To further evaluate the role of AMPK activation in the combination's action, we treated bladder cancer cells with the AMPK inhibitor compound C with and without the panobinostat-metformin combination. Compound C significantly attenuated the combination's cytotoxic effect (Figure 5, B and C). It also decreased the combination-increased annexin-V positive cells significantly, showing that it inhibited the combination-induced apoptosis (Figure 5D). These results suggest that AMPK activation plays an important role in the combination's anticancer effect. To explore the relevance of AMPK phosphorylation, we treated the cells with different concentrations of compound C with and without the combination and evaluated changes in the expression of mTOR-related proteins.

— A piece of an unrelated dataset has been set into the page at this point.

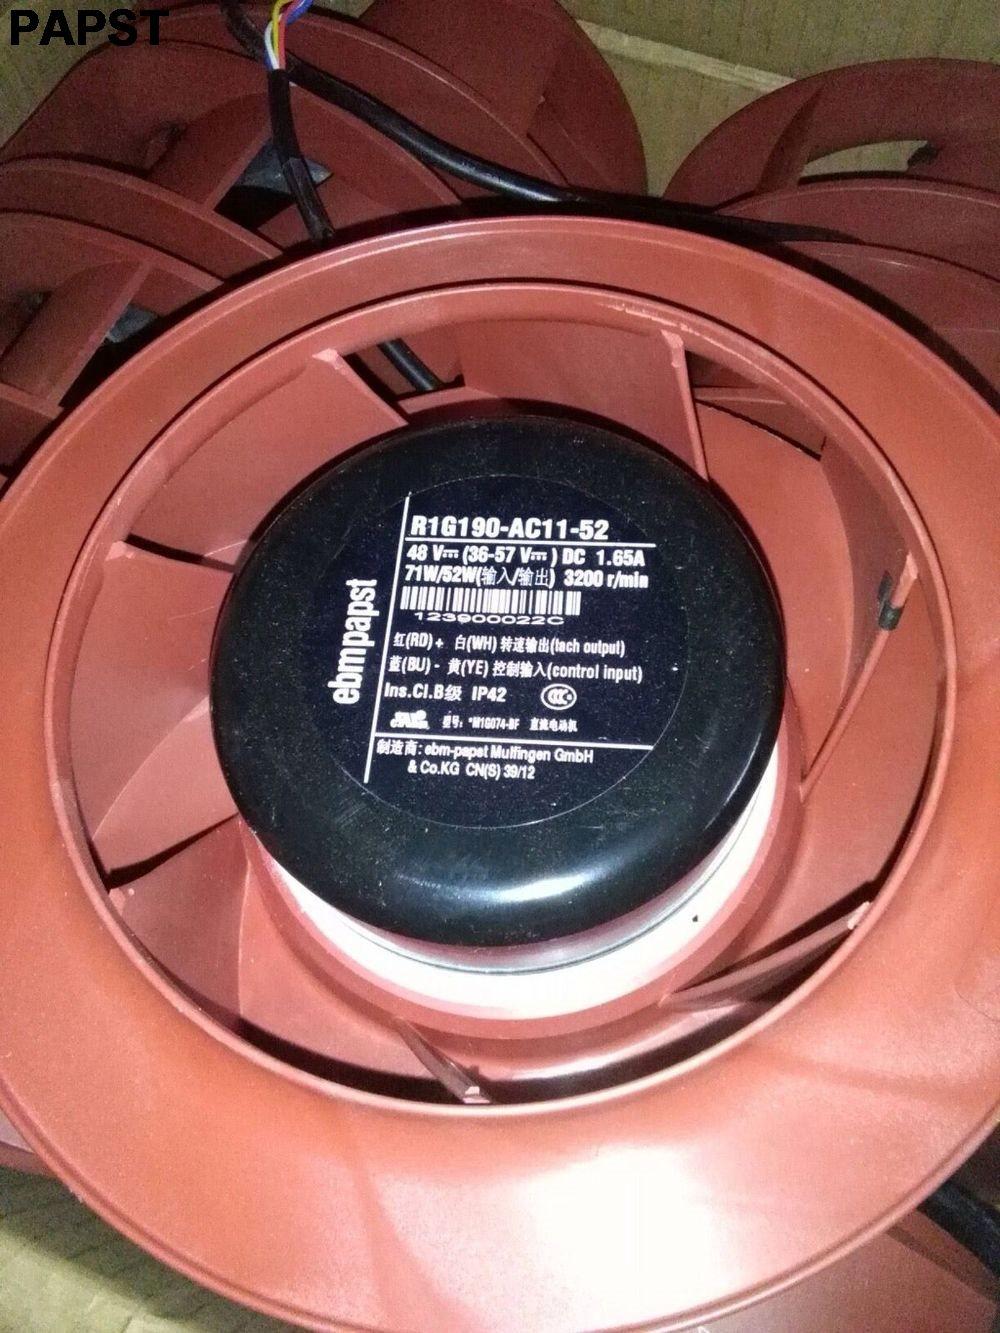 papst R1G190-AC11-52 DC48V 1.65A 3200RPM IP42 Blower

Western blotting showed that compound C increased the phosphorylation of both S6 and 4EBP1 in a dose-dependent manner, confirming that it actually inhibited the function of AMPK and thereby activated the mTOR pathway (Figure 5E). The combination of panobinostat and metformin increased the expression of phosphorylated AMPK as it did in the previous experiment and decreased the compound-C activated phosphorylation of S6 and 4EBP1. Thus AMPK phosphorylation was shown to be an important mechanism by which the combination activated AMPK and inhibited the mTOR pathway. It is interesting that compound C decreased the combination-increased phosphorylated AMPK expression only slightly, suggesting that suppressing activated AMPK kinase was not the only way that compound C inhibited AMPK function.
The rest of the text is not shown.